NEW YORK (Thomson Reuters Foundation) - New, unharmful rites of passage should replace female genital mutilation, U.N. chief Ban Ki-moon said on Monday after new data showed there were more victims of the custom than previously estimated.
The call by the U.N. Secretary-General was heard by diplomats, campaigners and survivors gathered at the U.N. headquarters in New York to mark the International Day of Zero Tolerance for Female Genital Mutilation, which fell on Saturday.
“I am especially inspired by communities that find better ways to mark the rite of passage into womanhood,” said Ban.
He gave the example of young girls in Kenya and Tanzania spending a week away from their families to learn life skills instead of being cut.

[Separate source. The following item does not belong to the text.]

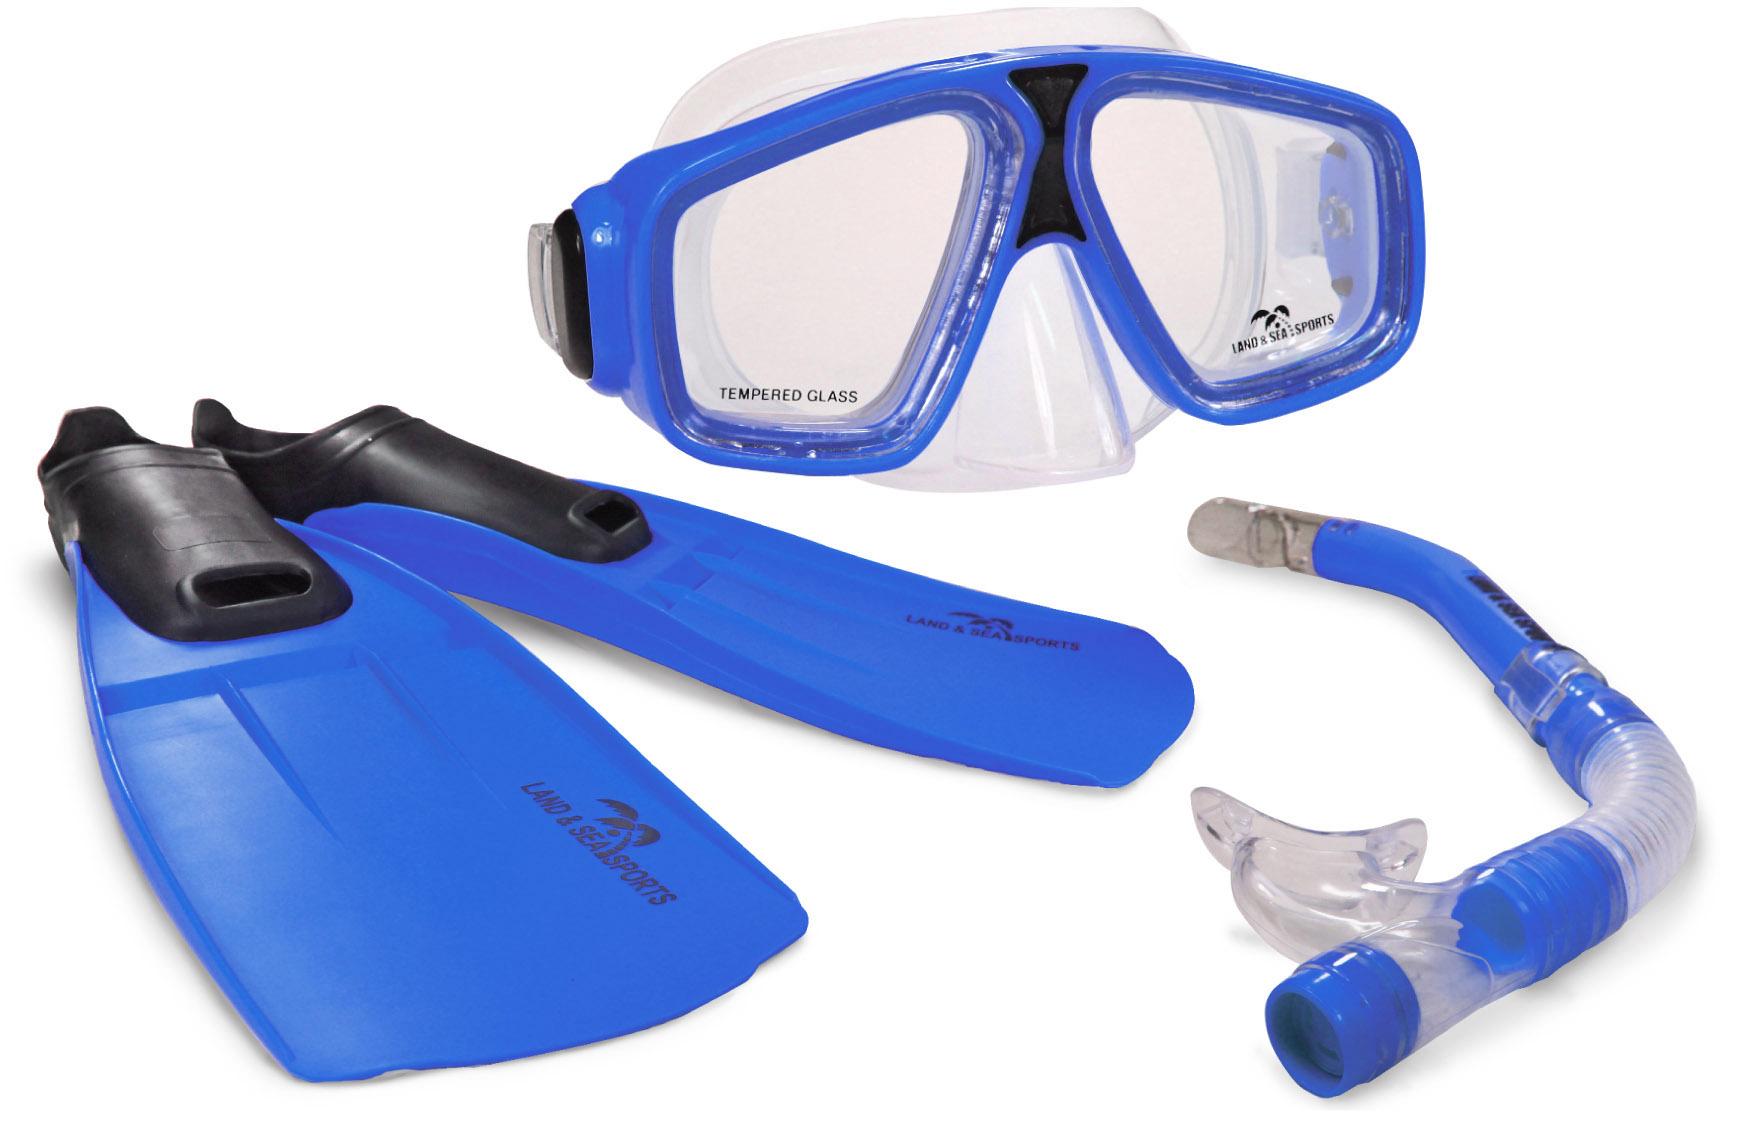 Adventurer Complete Snorkel Set

The U.N.’s children’s agency UNICEF said on Friday more than 200 million girls and women globally have suffered genital mutilation, far higher than previously estimated.
Despite growing momentum to end female genital mutilation (FGM), experts warned that booming populations in some high prevalence countries were undermining efforts to tackle the practice widely condemned as a serious human rights abuse.
The UNICEF data covers 30 countries, but half of girls and women who have been cut live in just three countries - Egypt, Ethiopia and Indonesia.
The new global figure includes nearly 70 million more girls and women than UNICEF estimated in 2014, largely due to the inclusion of data from Indonesia which was left out in 2014 because there were no reliable national figures at the time.
The ancient ritual - practised across a swathe of African countries and pockets of Asia and the Middle East - usually involves the partial or total removal of a girl’s external genitalia.
Speaking on the panel, Kenyan FGM survivor Keziah Bianca Oseko, called the practice “barbaric” and said the trauma of being cut pushed her into activism against FGM. “I now have to stand up and fight for the rights of women,” she said.
Malian survivor Inna Modja, a professional singer who now lives in France, spoke of experiencing a loss of identity as a teenager having been subjected to the ritual at age four.
“I felt that I would never become a women because I had something missing,” she said, tears welling up in her eyes. “Cutting me was telling me that I’m not good enough.”
Ending female genital mutilation is part of a set of development goals adopted by U.N. member states last year. Goal five counts among its targets eliminating FGM by 2030.
But high fertility rates in countries where FGM is prevalent poses a sizeable hurdle, the U.N. population fund’s (UNFPA) executive director, Babatunde Osotimehin, told the audience.
“If current trends continue, the number of girls affected by FGM in high-prevalence countries is likely to increase,” Osotimehin said.
The country with the highest rate of FGM remains Somalia where figures show 98 percent of girls and women aged between 15 and 49 have been cut. Guinea, Djibouti and Sierra Leone also have very high rates.